To prove that Hsp110 was indeed the factor responsible for this upregulation of CD1d, the following studies were performed. Recombinant Hsp110 was obtained from a collaborator at the University of Buffalo. When applied to epithelial cell lines, CD1d was induced. This induction of CD1d was blocked with an antibody specific for Hsp110, but not an antibody specific for Hsp30. In addition, Hsp110 could be identified by Western blotting in normal fecal material and the induction of CD1d by the aqueous components of normal fecal material could be blocked by an antibody specific for Hsp110, but not an antibody specific for Hsp30. In addition, immunohistochemistry was performed with an antibody specific for Hsp110 and showed that Hsp110 decorated epithelial cells as well as a subset of lamina propria mononuclear cells with a morphology consistent with either dendritic cells or macrophages. Moreover, flow cytometry of normal human small intestinal epithelial cells showed that Hsp110 could be shown to be present on the cell surface of the epithelial cell.
Significant results:
These studies suggest an autocrine pathway wherein Hsp110 from epithelial cells is passed into the lumen of the intestine, whereupon it binds the apical cell surface of epithelial cells and induces the upregulation of Cd1d. These properties of Hsp110 upregulation of CD1d are consistent with the properties of other heat shock proteins. These studies have shown that Hsp110 combined a variety of potential cell surface receptors, such as Toll receptors, to induce intracellular signals that cause secretion of a wide variety of molecules as well as the upregulation of certain cell surface molecules. It is presumed that this property of Hsp110 falls into this rubric.
Lay Summary:
Maintenance of intestinal health and the avoidance of inflammatory conditions of the intestine, such as inflammatory bowel disease, are attained by a complex communication between molecular components contained within luminal bacteria, the epithelial cells and the subjacent immune cells underneath the epithelia. This complex trialogue results in maintenance of tolerance and stability of the epithelial barrier. The epithelial cell itself, being centered between the luminal components and the subjacent immune cells, is particularly important in this regard. Understanding the regulation of the immune function of the intestine and how it relates to luminal factors is, thus, exceedingly important.
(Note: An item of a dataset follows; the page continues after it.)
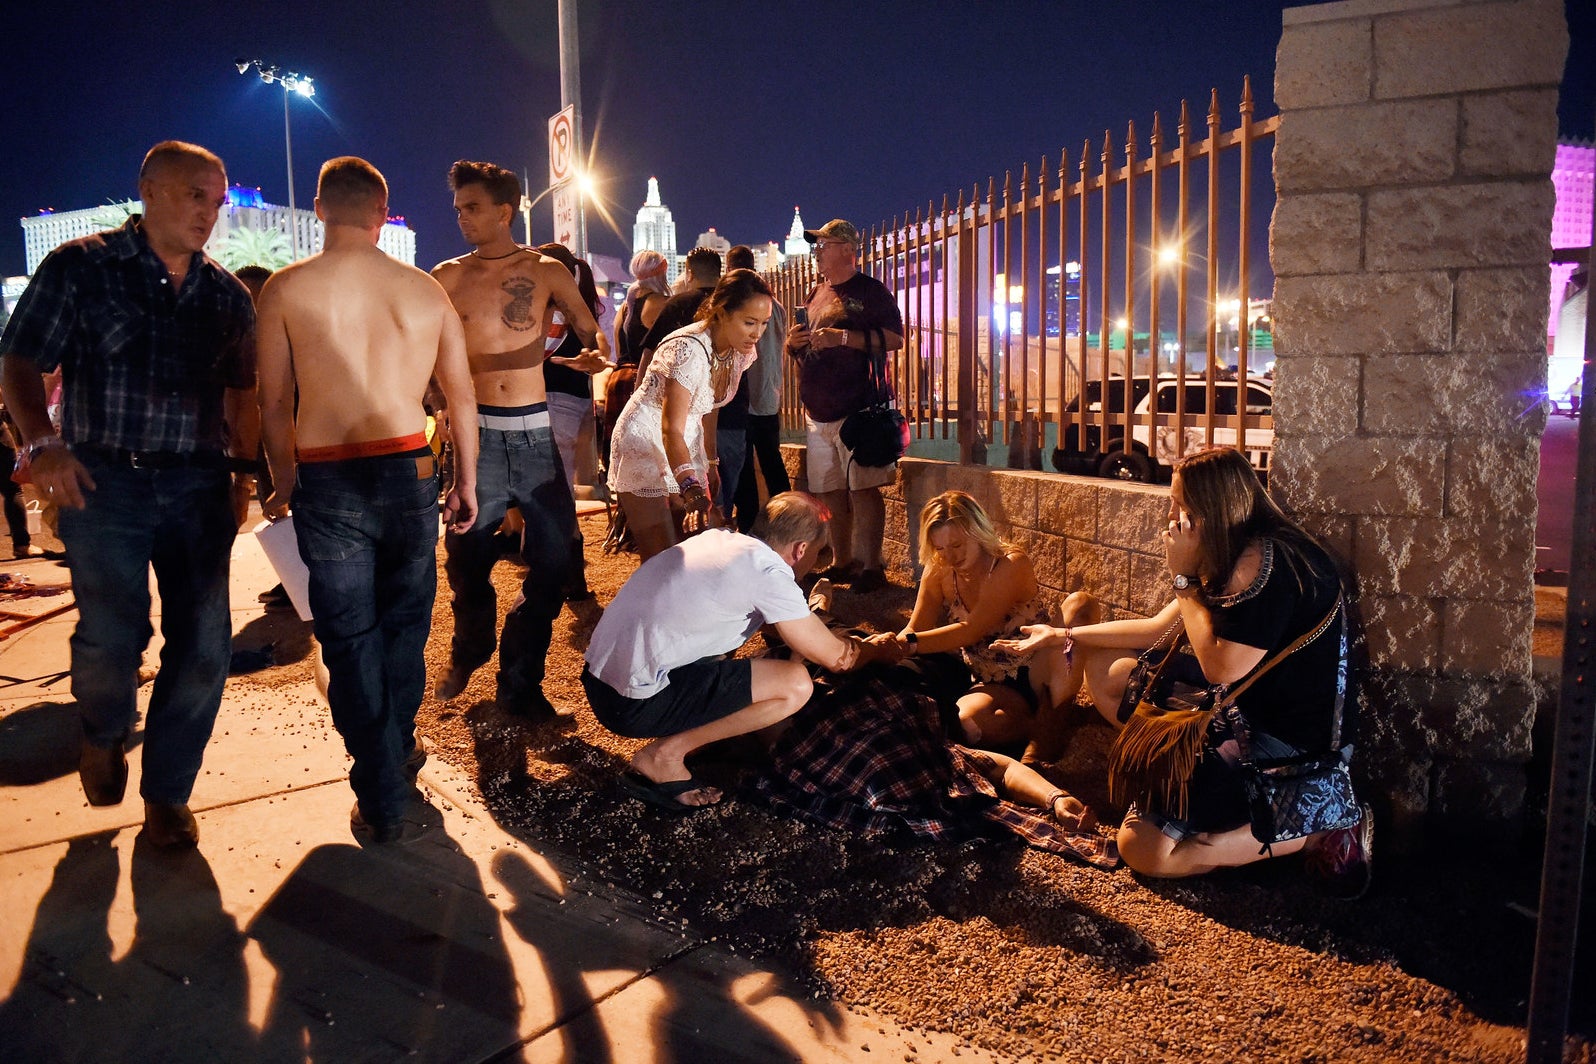 Photos Show The Terrifying Aftermath Of The Las Vegas Mass Shooting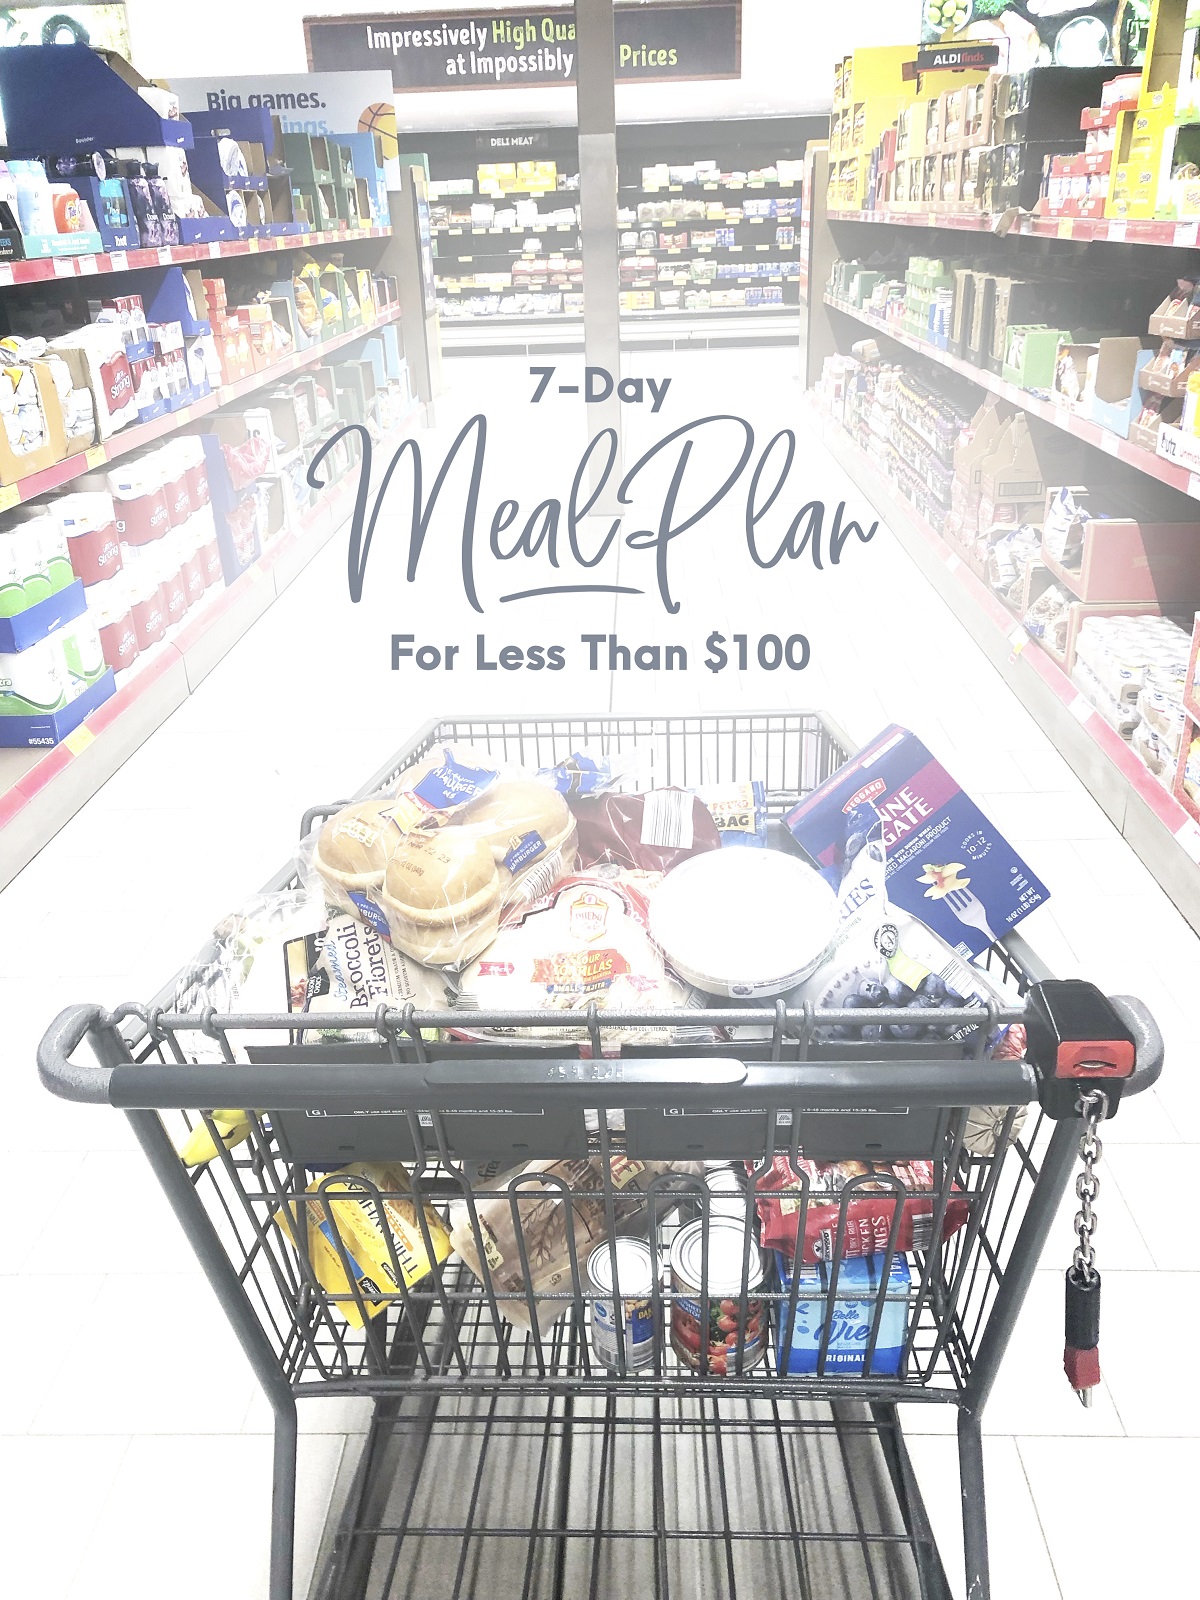 A 7-day meal plan for less than $100: Get the meal plan and recipe to feed a family of 4.

One molecule that is of particular interest to the laboratory of the Principal Investigator is called CD1d. CD1d is a molecule that is known to activate specific subsets of lymphocytes. In fact, CD1d expression on epithelial cells has been linked to the maintenance of the function of the epithelial barrier. It is therefore important to understand how CD1d is regulated and, specifically, by luminal factors. During the course of the Principal Investigator's studies, it was found that a protein could be identified in the normal human fecal matter that was presumably released from the epithelial cells to signal back to the epithelial cell the upregulation of CD1d. It remains to be proven whether this complex biologic pathway identified is involved in the maintenance of epithelial health and resistance to both inflammation and infection. However, these studies identified a novel, previously unknown cellular pathway that is likely to be involved in the maintenance of mucosal integrity.